*Activity:*
From the first line of the records below through the line with "medieval architecture of", output each line exactly; skip the pictures.

*** Supplied data Section Begins ***

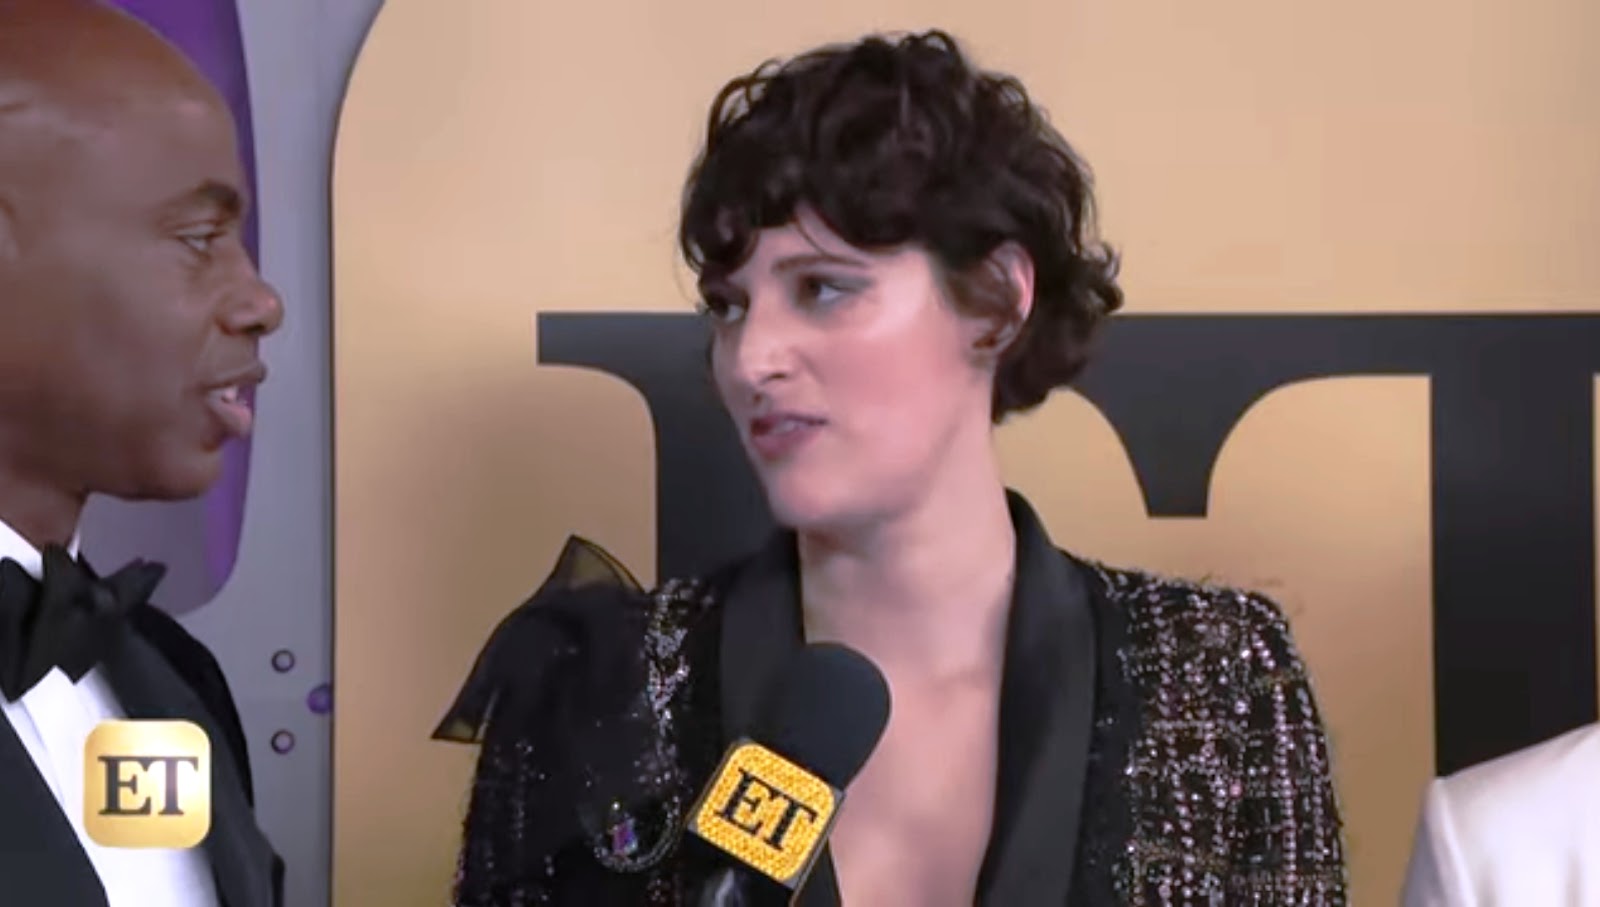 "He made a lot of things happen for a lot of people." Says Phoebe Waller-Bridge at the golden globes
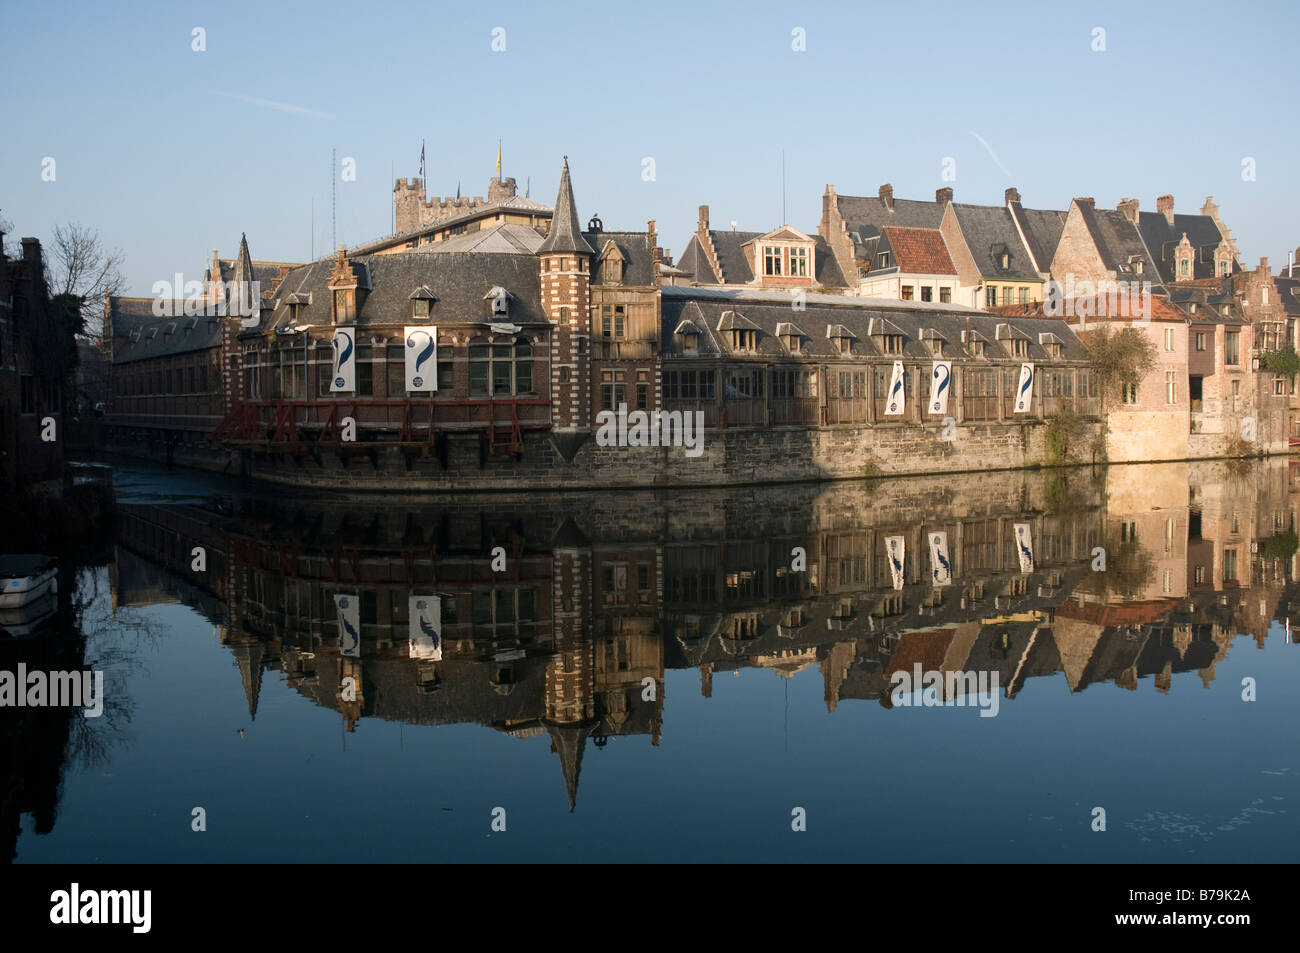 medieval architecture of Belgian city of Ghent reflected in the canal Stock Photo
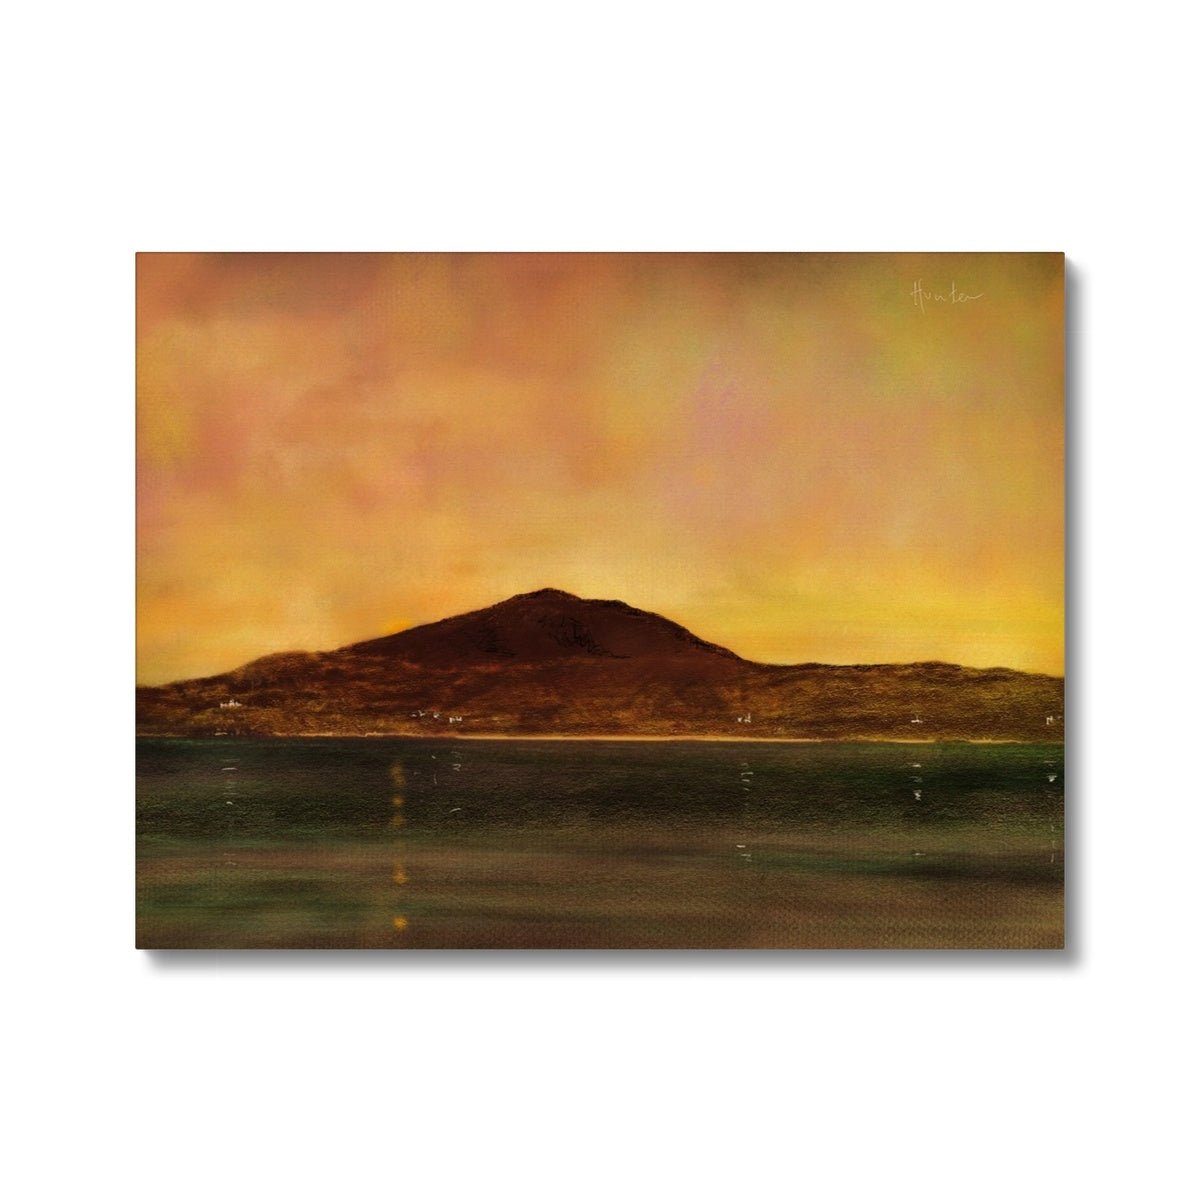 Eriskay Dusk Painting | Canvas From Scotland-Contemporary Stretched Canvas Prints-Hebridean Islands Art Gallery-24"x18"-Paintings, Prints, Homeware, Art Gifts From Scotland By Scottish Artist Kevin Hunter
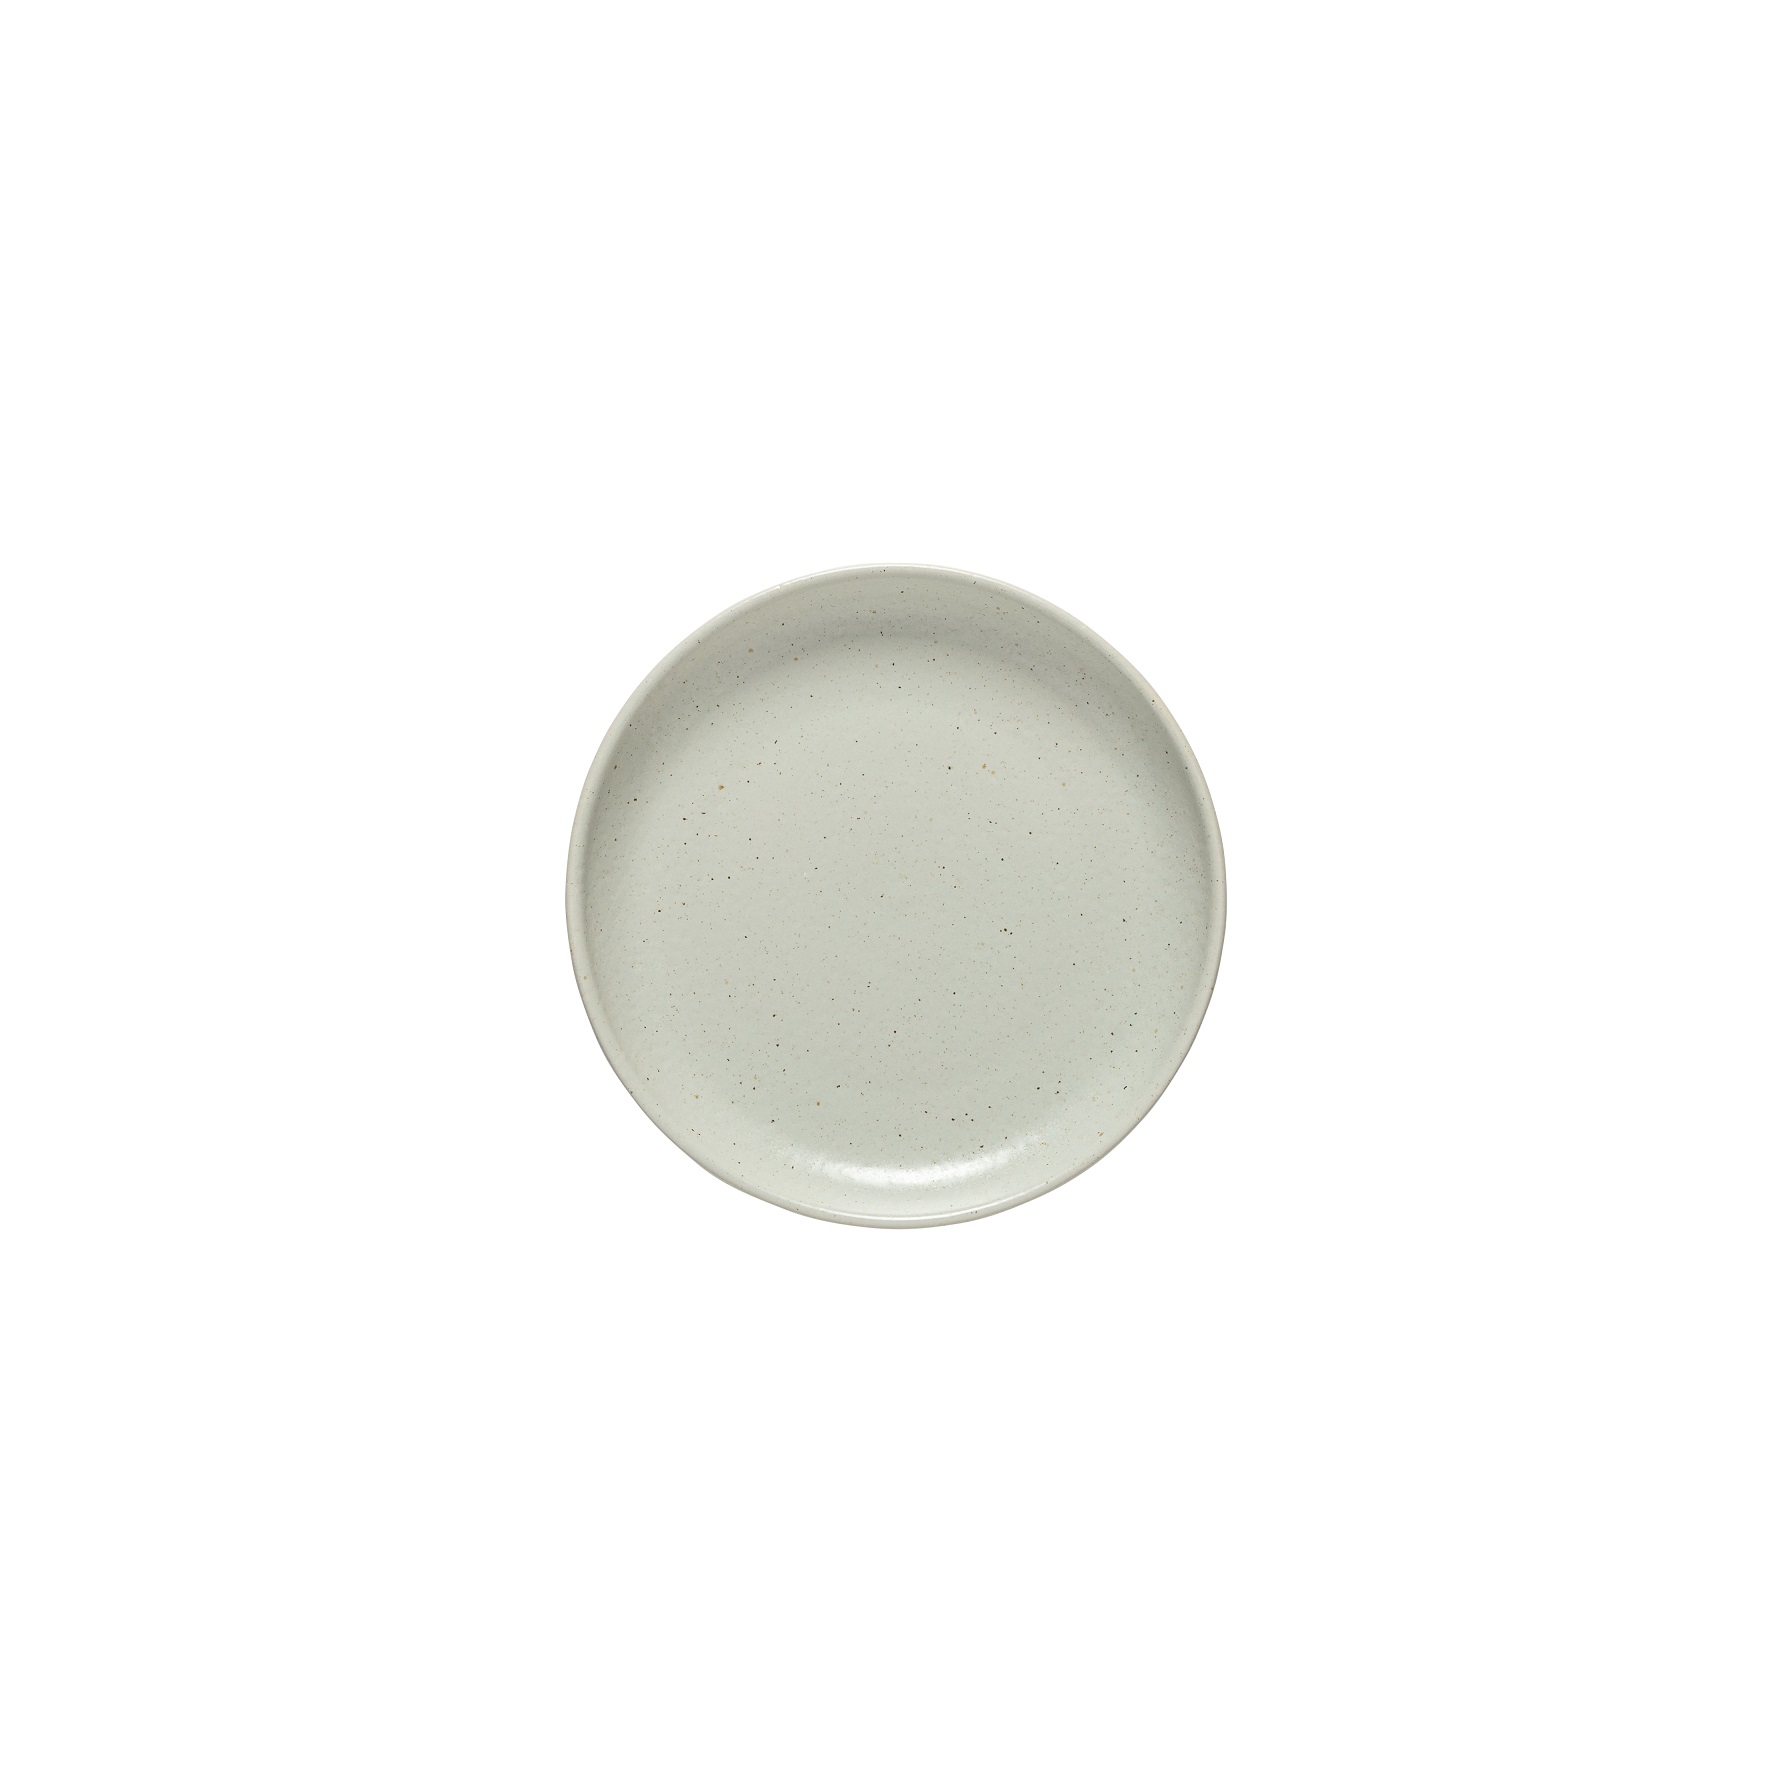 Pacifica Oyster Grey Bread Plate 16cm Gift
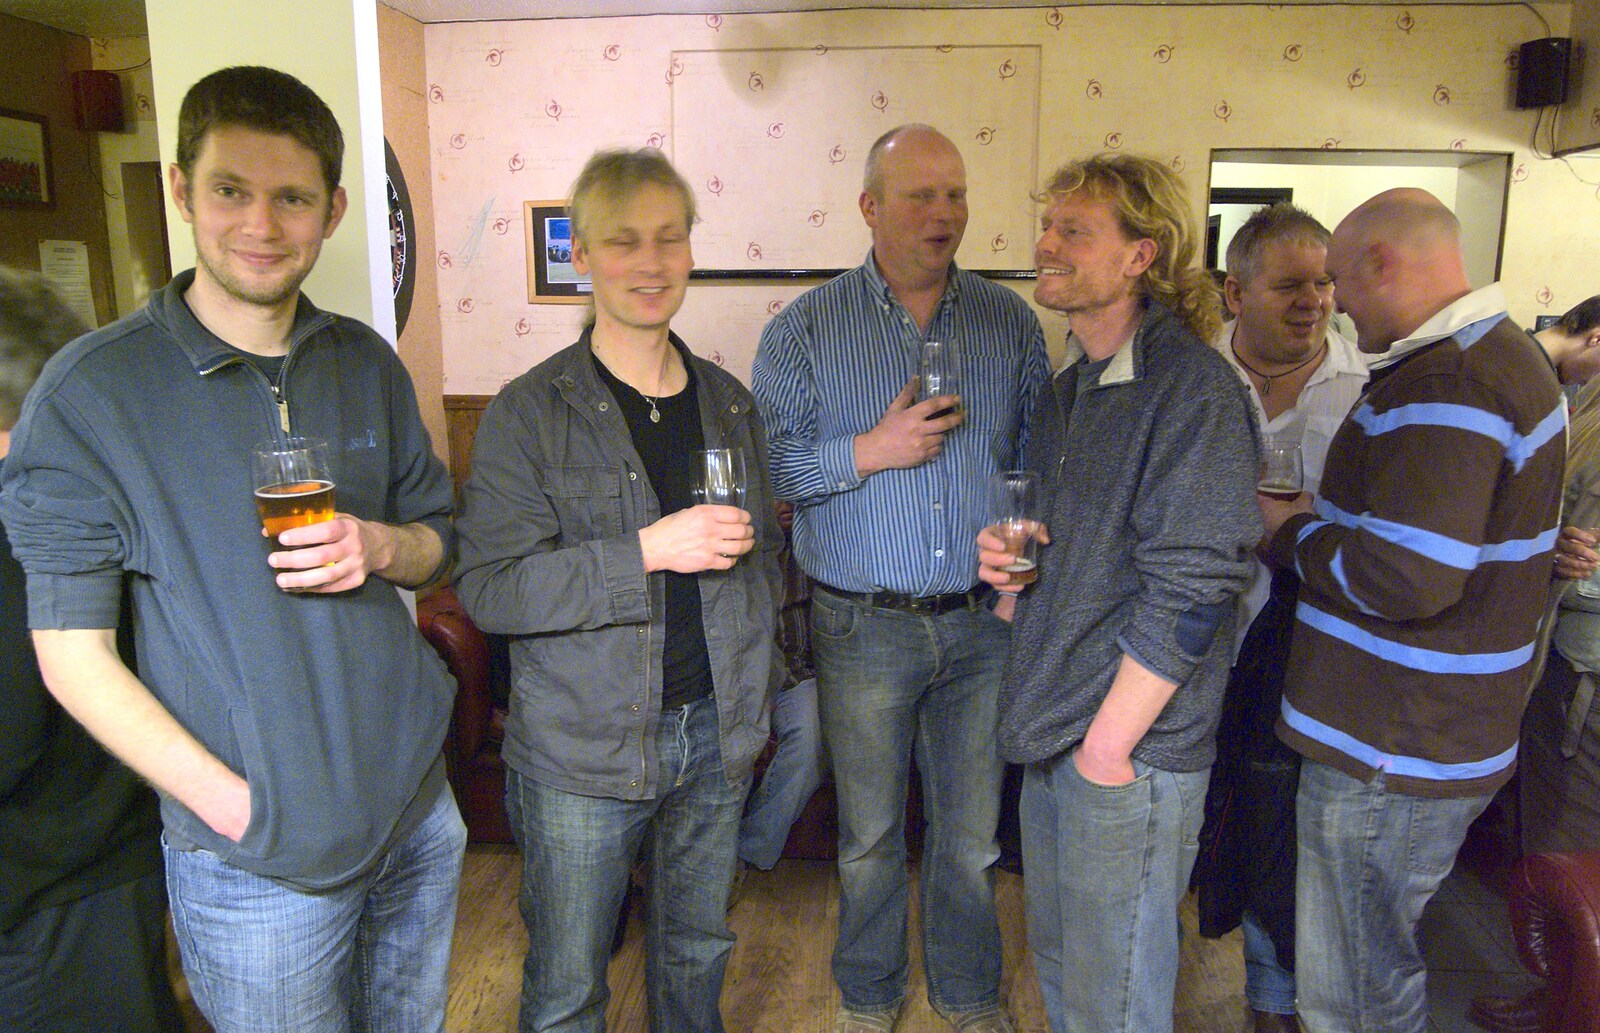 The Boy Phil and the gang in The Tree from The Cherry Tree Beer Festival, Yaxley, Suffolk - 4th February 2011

*** Supplied data Section Ends ***

*Output below:*
 "He made a lot of things happen for a lot of people." Says Phoebe Waller-Bridge at the golden globes
 medieval architecture of Belgian city of Ghent reflected in the canal Stock Photo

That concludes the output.